(Material for the task Opens)
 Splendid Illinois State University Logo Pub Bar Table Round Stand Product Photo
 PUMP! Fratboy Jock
(Material for the task Closes)
(Material for the task Opens)
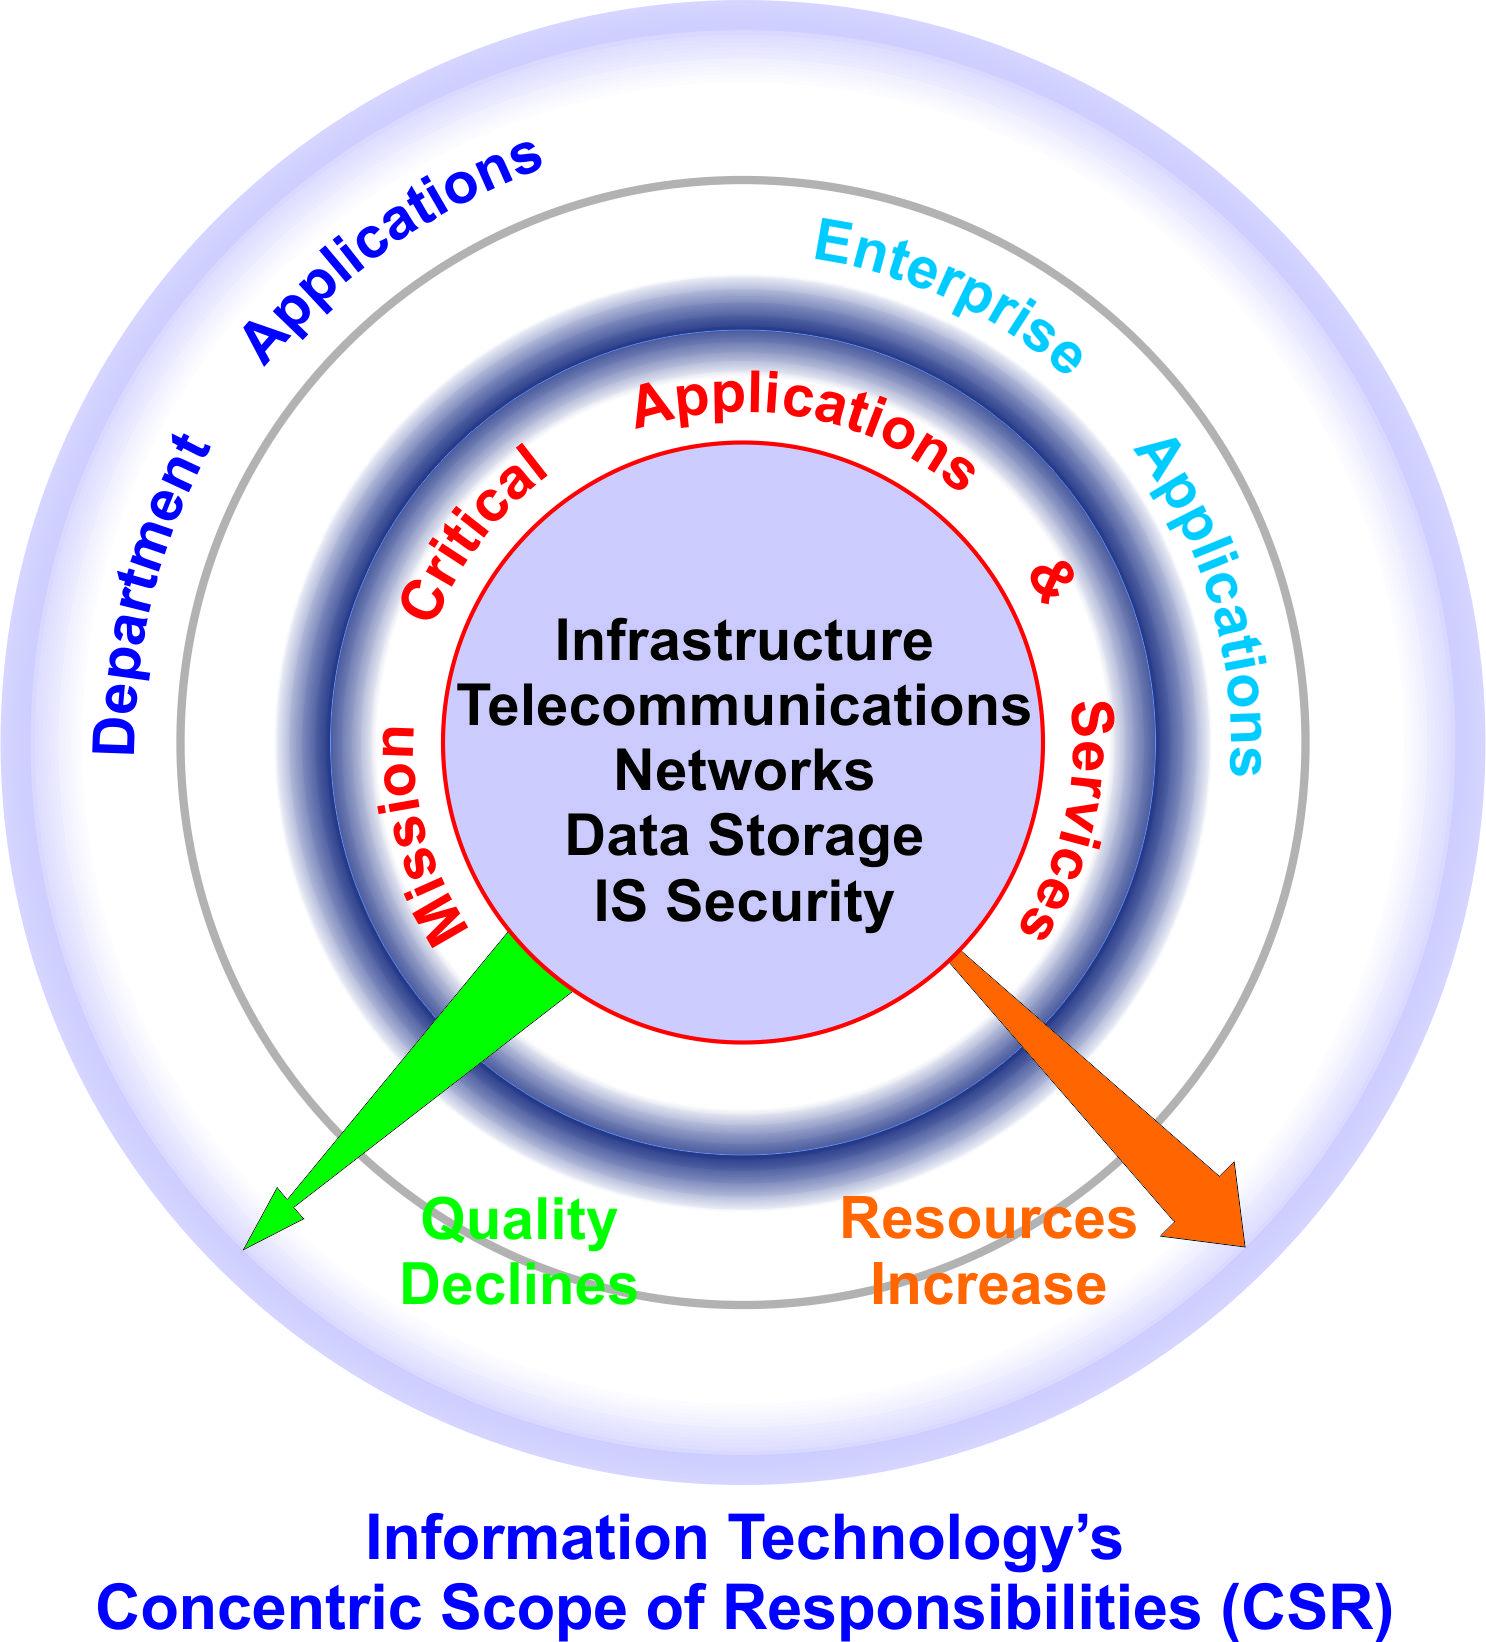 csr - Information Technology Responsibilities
(Material for the task Closes)
(Material for the task Opens)
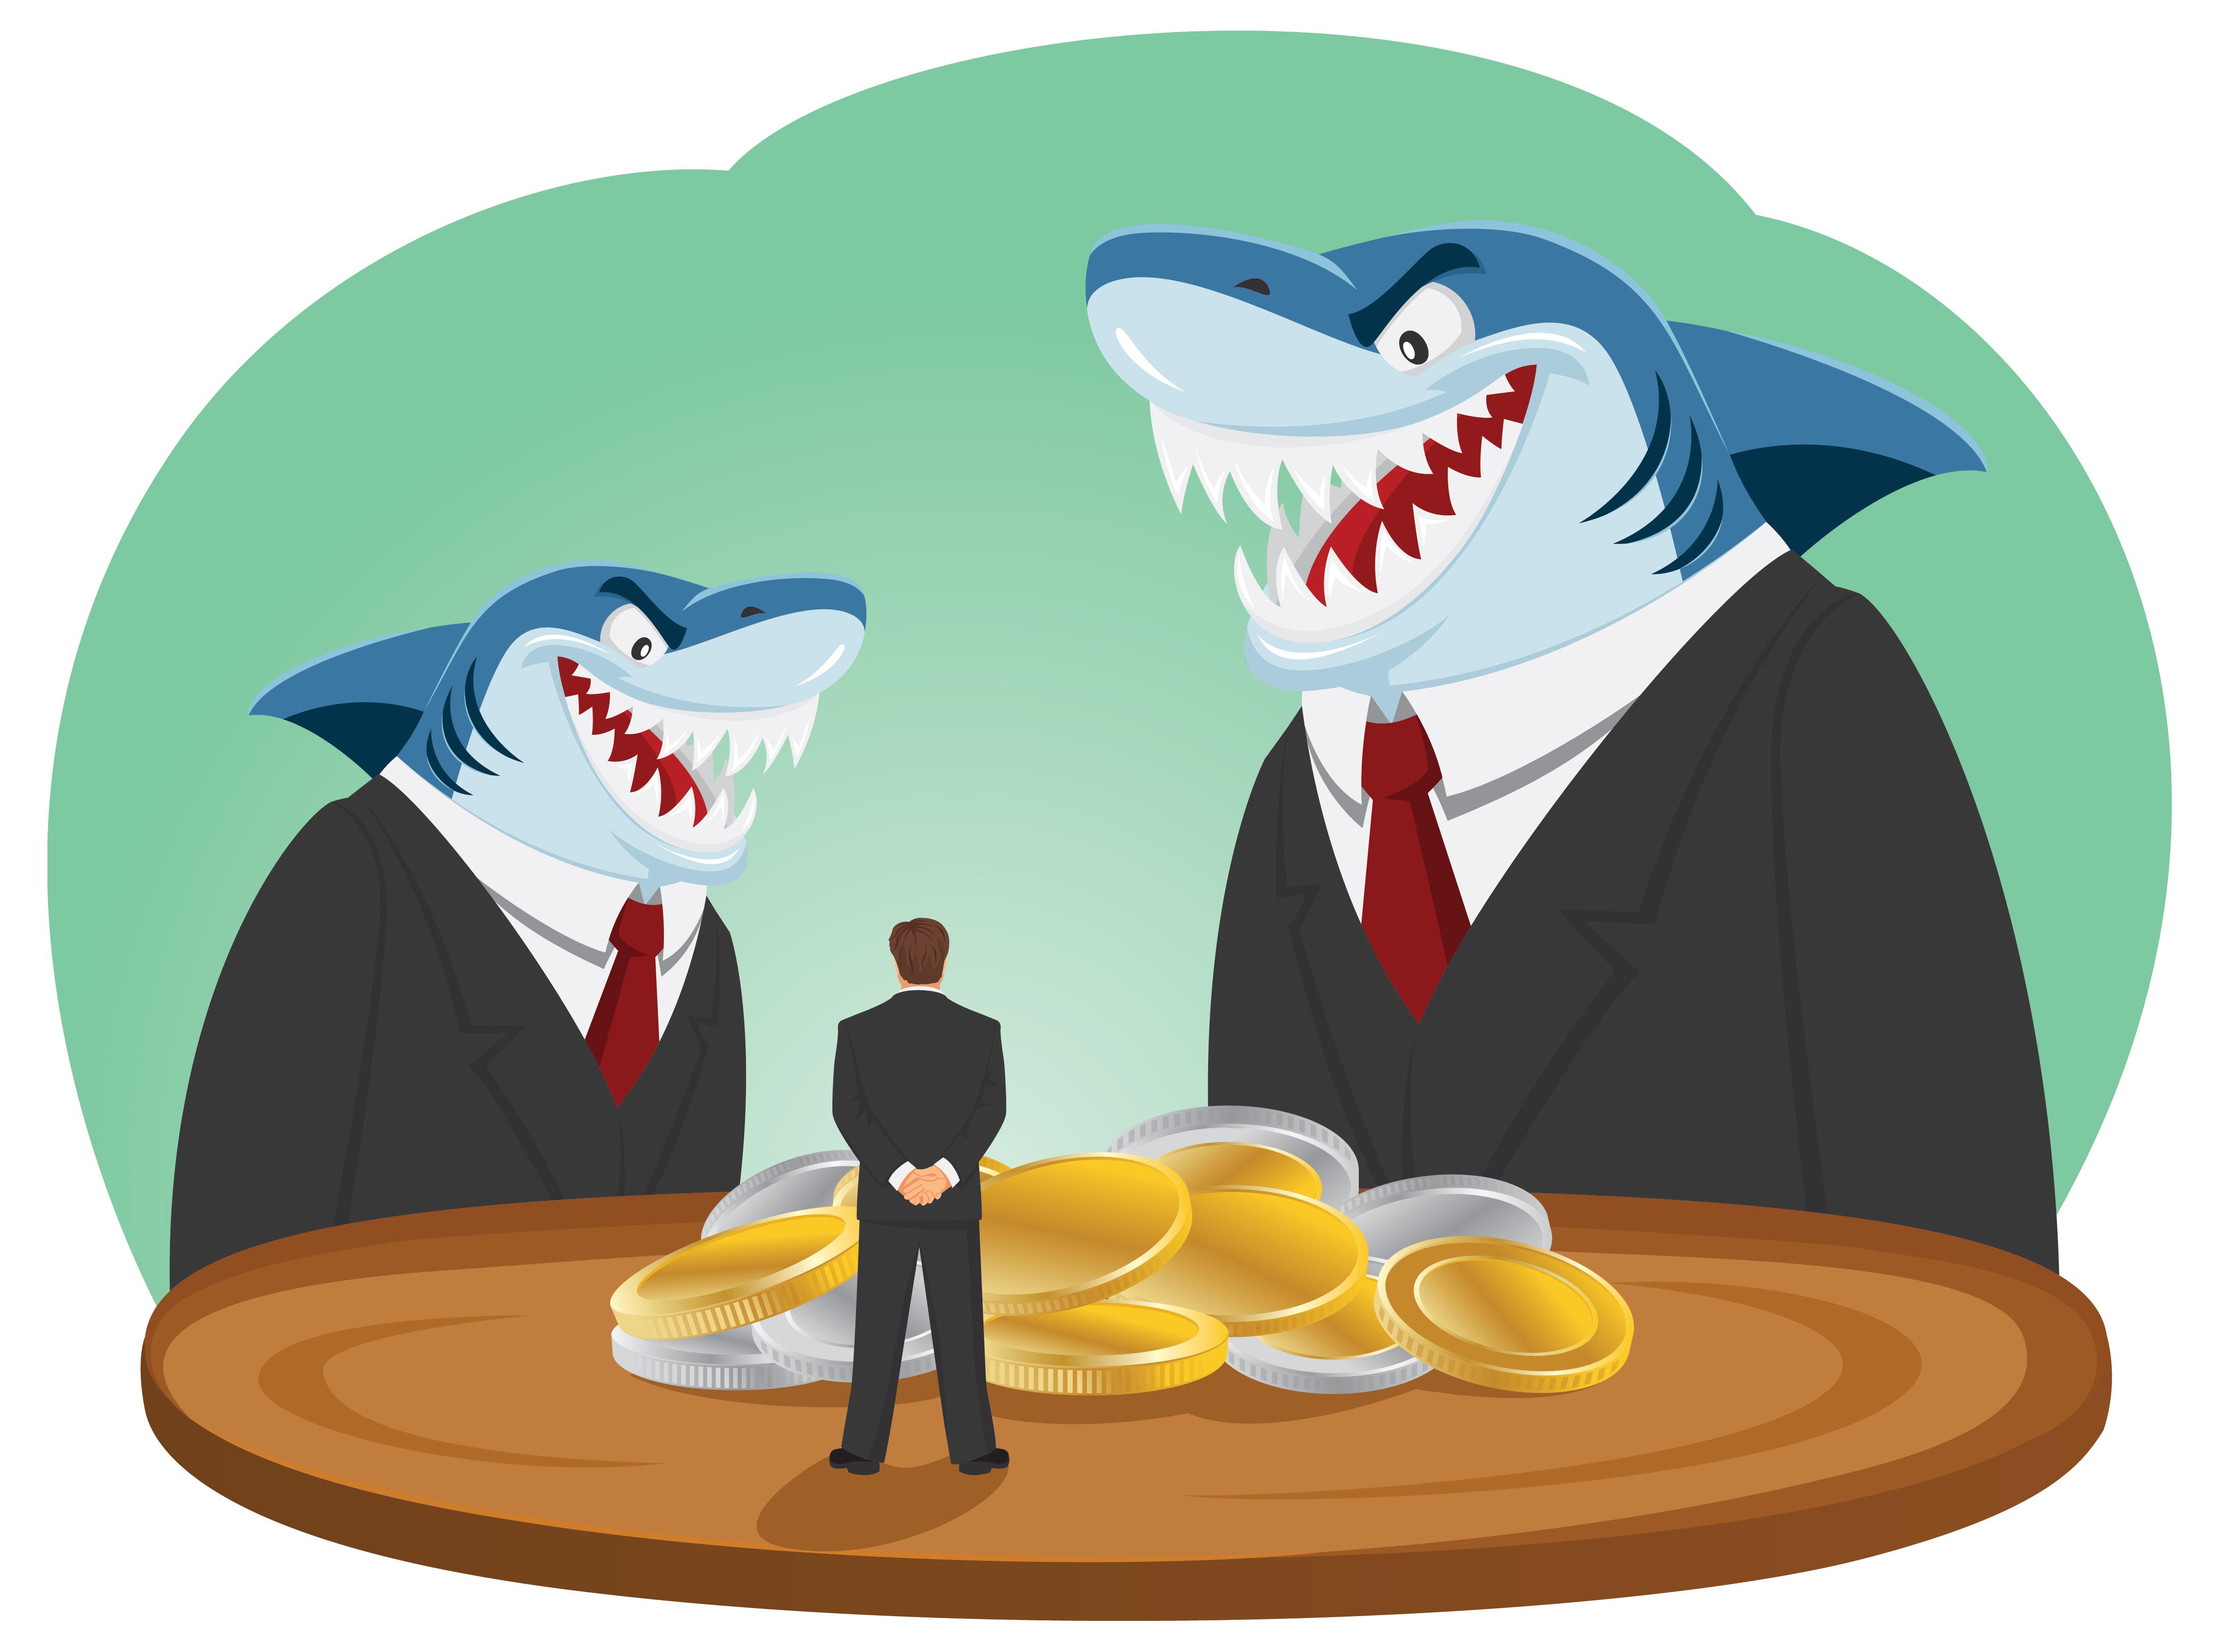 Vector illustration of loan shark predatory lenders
(Material for the task Closes)
There is a line with "Splendid Illinois State" and a line with "PUMP! Fratboy Jock" above. Copy exactly those two lines and all lines between them, with nothing else.

Answer to this task:
 Splendid Illinois State University Logo Pub Bar Table Round Stand Product Photo
 PUMP! Fratboy Jock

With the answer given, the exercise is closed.